EDITOR--Last month the prime minister, Tony Blair, lent his weight to
random drug testing in schools in an interview for a downmarket newspaper.1
He proposed a national programme be implemented soon, adhering to
unspecified central directives.

The Department of Health has 19 criteria for introducing new screening
programmes.2 At least 18 of these 19 criteria are not met for widespread,
wide spectrum drug urine analysis in schools. The remaining criterion is
that the condition is an important health problem.

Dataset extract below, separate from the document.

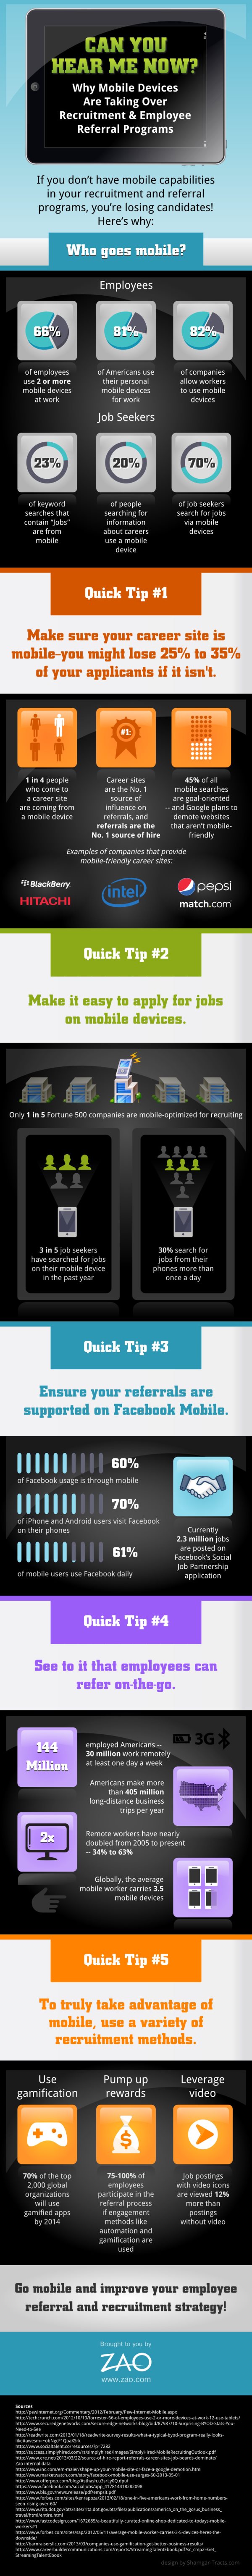 Zao Mobile Referral Infographic

Drug use in young people is indeed associated with many health risks,3 but
a single, positive urine test, for any illicit drug, is probably not
meaningful in a clinical sense. Each schoolchild's context of use (family
history, social and emotional development) is crucial to interpreting any
supposed "drug career." Use by a homeless pregnant teenage runaway from
local authority care with a history of deliberate self harm and high risk
sex work to pay for her drugs may be very different from a single
experimental use at home with adults during a family party.

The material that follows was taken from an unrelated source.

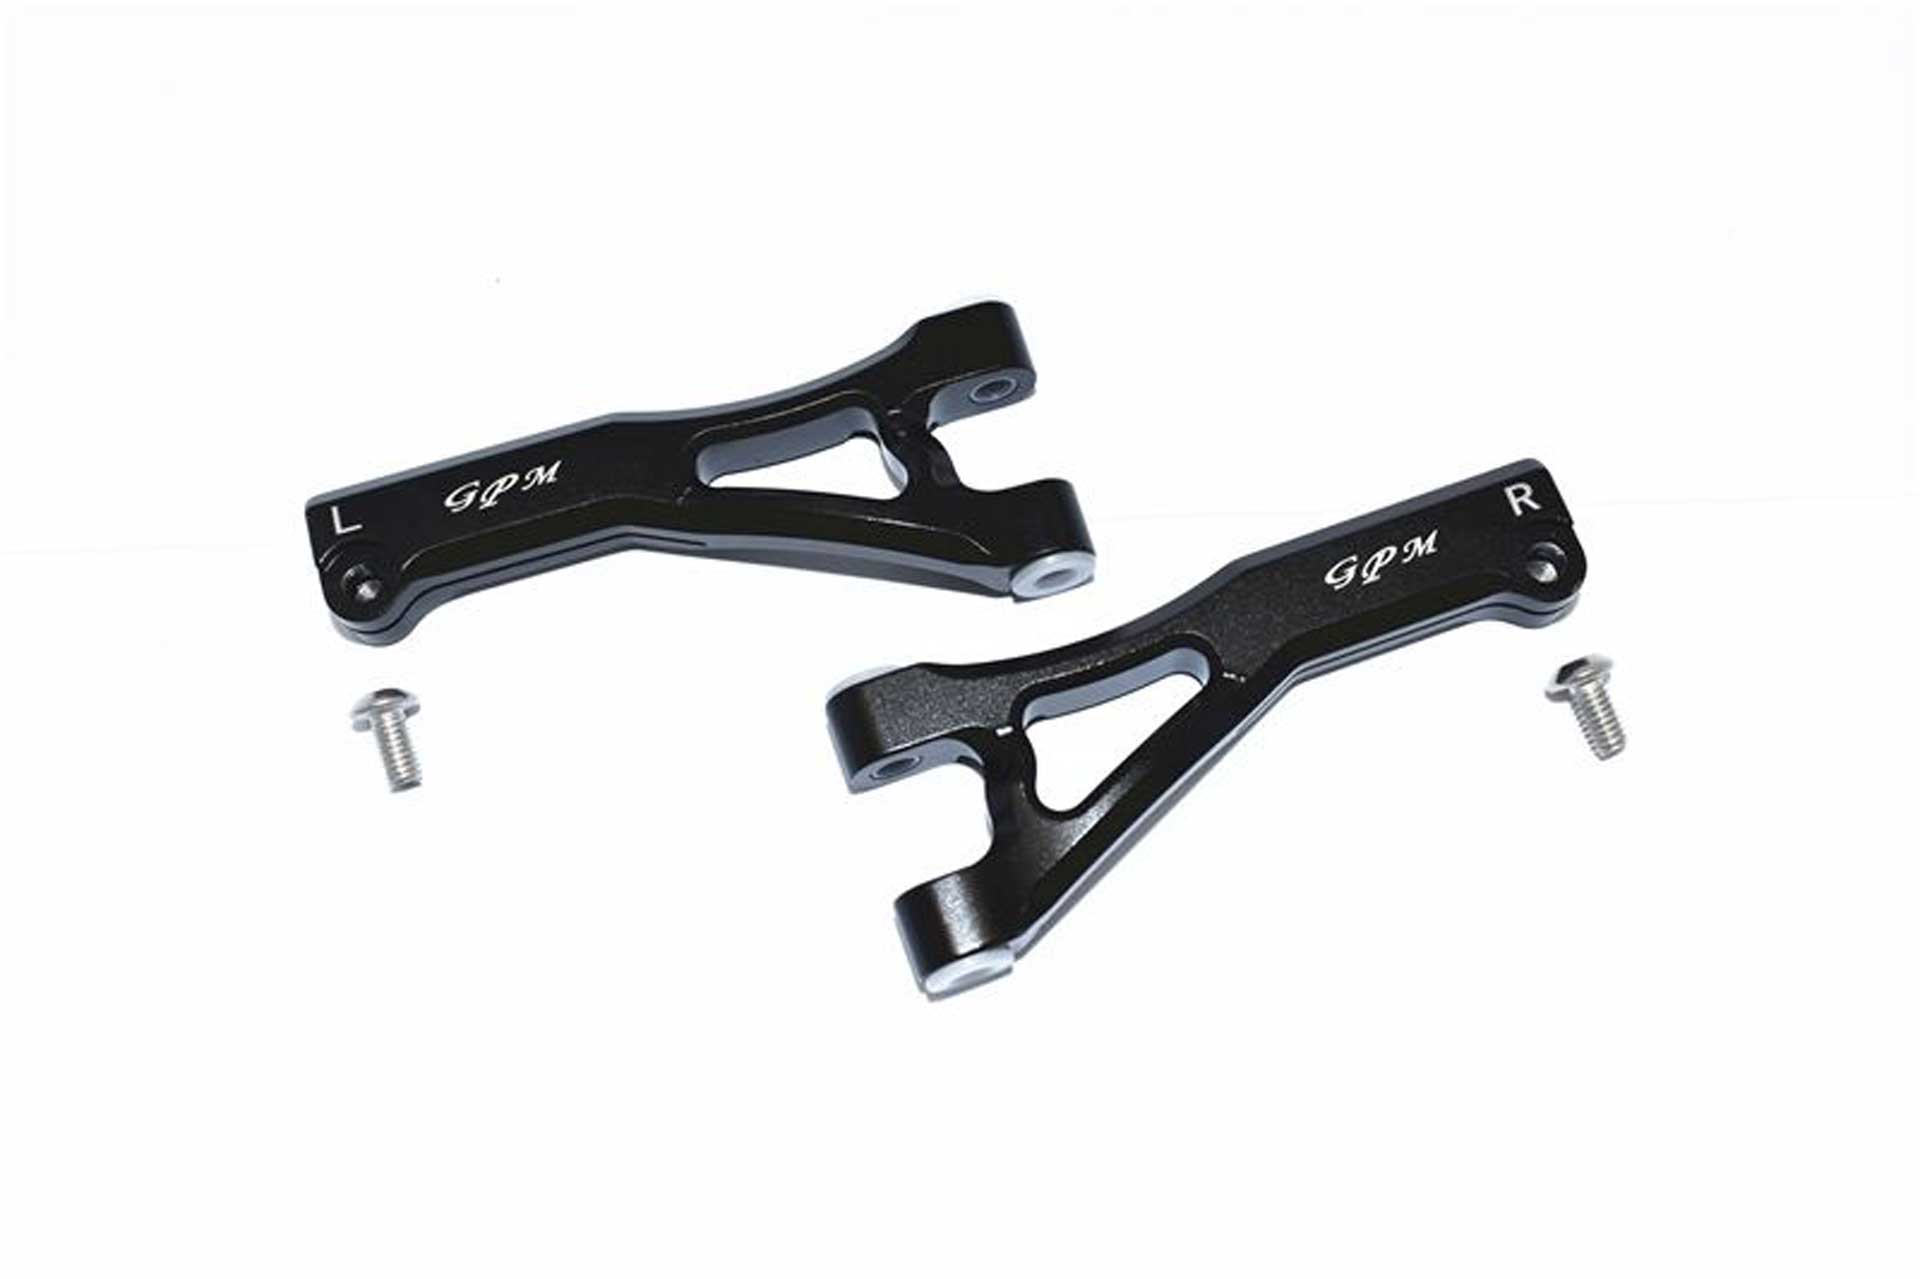 GPM ALUMINUM FRONT UPPER ARMS -4PC SET black GPM ARRMA LIMITLESS INFRACTION TYPHON

Three failed criteria are especially pertinent to screening for school age
drug use:

There should be an agreed policy on the further diagnostic investigation of
people with a positive test result and on the choices available to them.

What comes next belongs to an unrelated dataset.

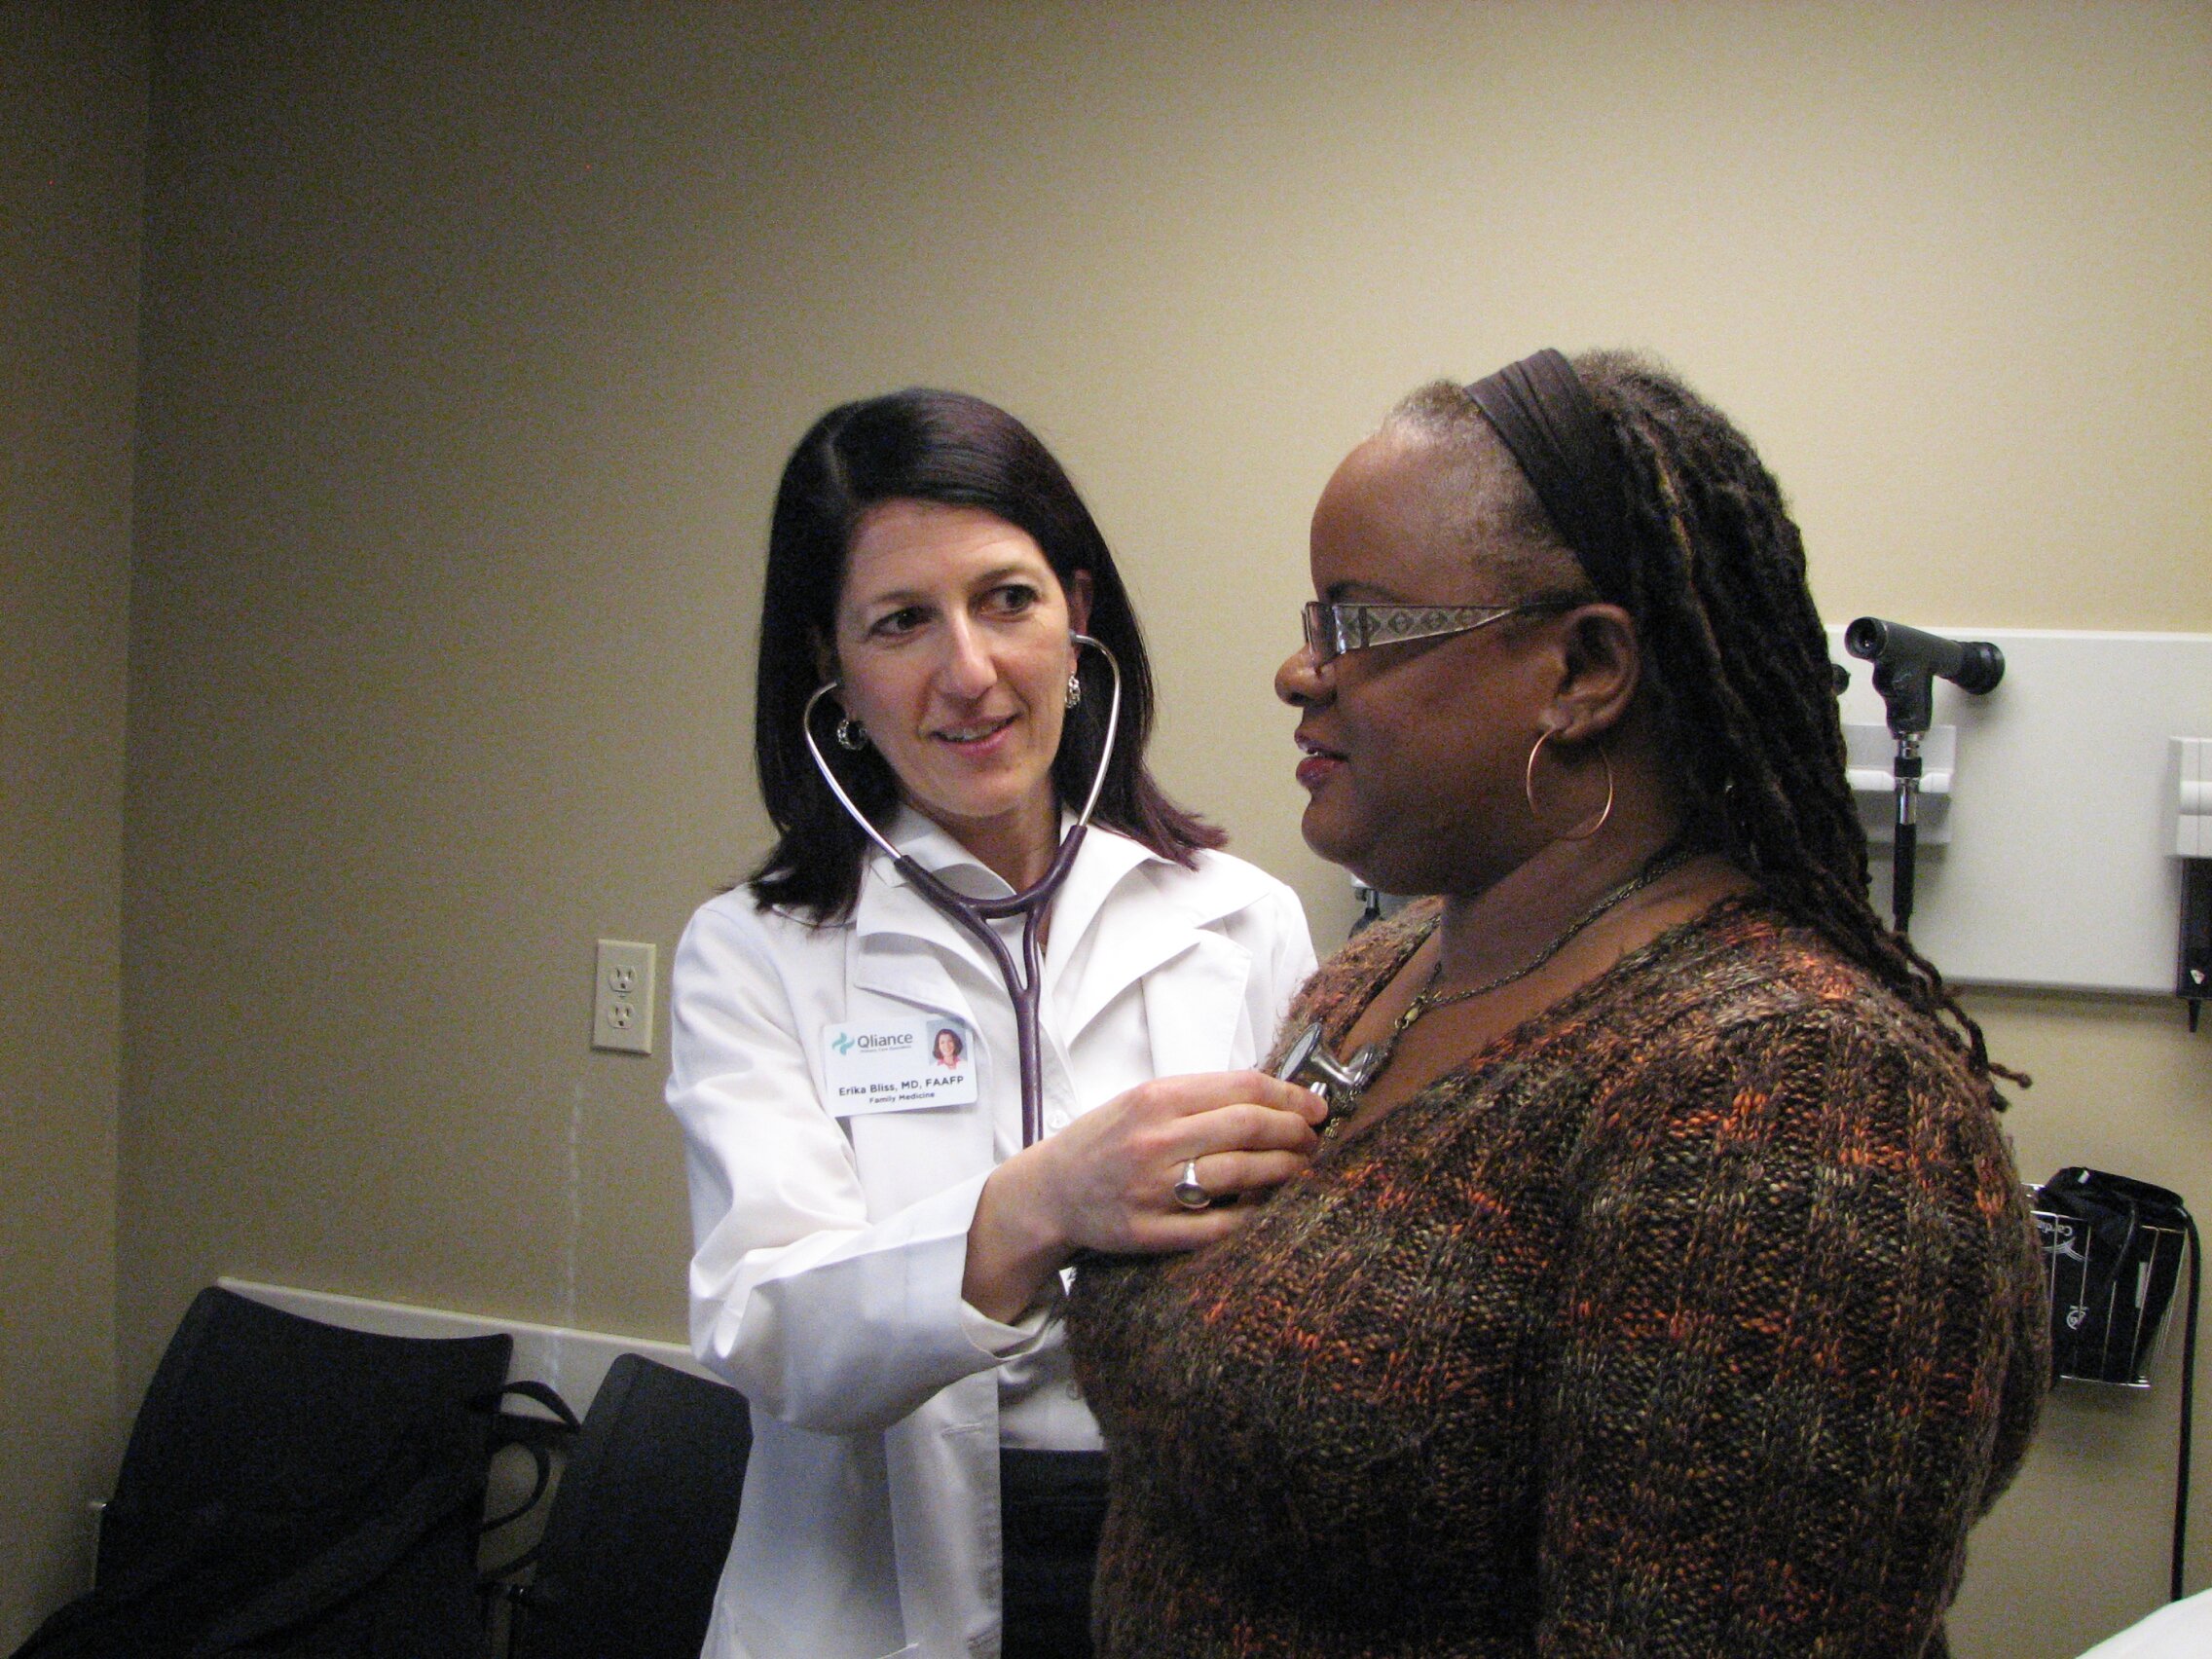 CEO Dr. Erika Bliss caring for a patient at Qliance's Seattle clinic

There should be an effective treatment or intervention for patients
identified through early detection.

Clinical management of the condition and patient outcomes should be
optimised by all healthcare providers before participation in a screening
programme.

In three years of experience of school health provision for alcohol and
drug problems and their related referral networks I do not know of one
school that could satisfy these criteria, especially the underpinning
policy of promoting informed choice for children and families.2

Woody Caan, professor of public health

Department of Public and Family Health, APU, Chelmsford, Essex CM1 1SQ
a.w.caan@apu.ac.uk

Competing interests: WC was chair of the School Health Research Group,
2001-3; he has been a member of the Society for the Study of Addiction
since 1988.

References

1. Blair T. Yes, I back random drug-testing in our schools. News of the
World 2004 Feb 22: 10-11.

2. Department of Health. Second Report of the UK National Screening
Committee. London: DoH, 2000.

3. Caan W. Adolescent drug use and health. Problems other than dependence.
In: Caan W, de Belleroche J, eds. Drink, drugs and dependence. From science
to clinical practice. London: Routledge, 2002: 145-70.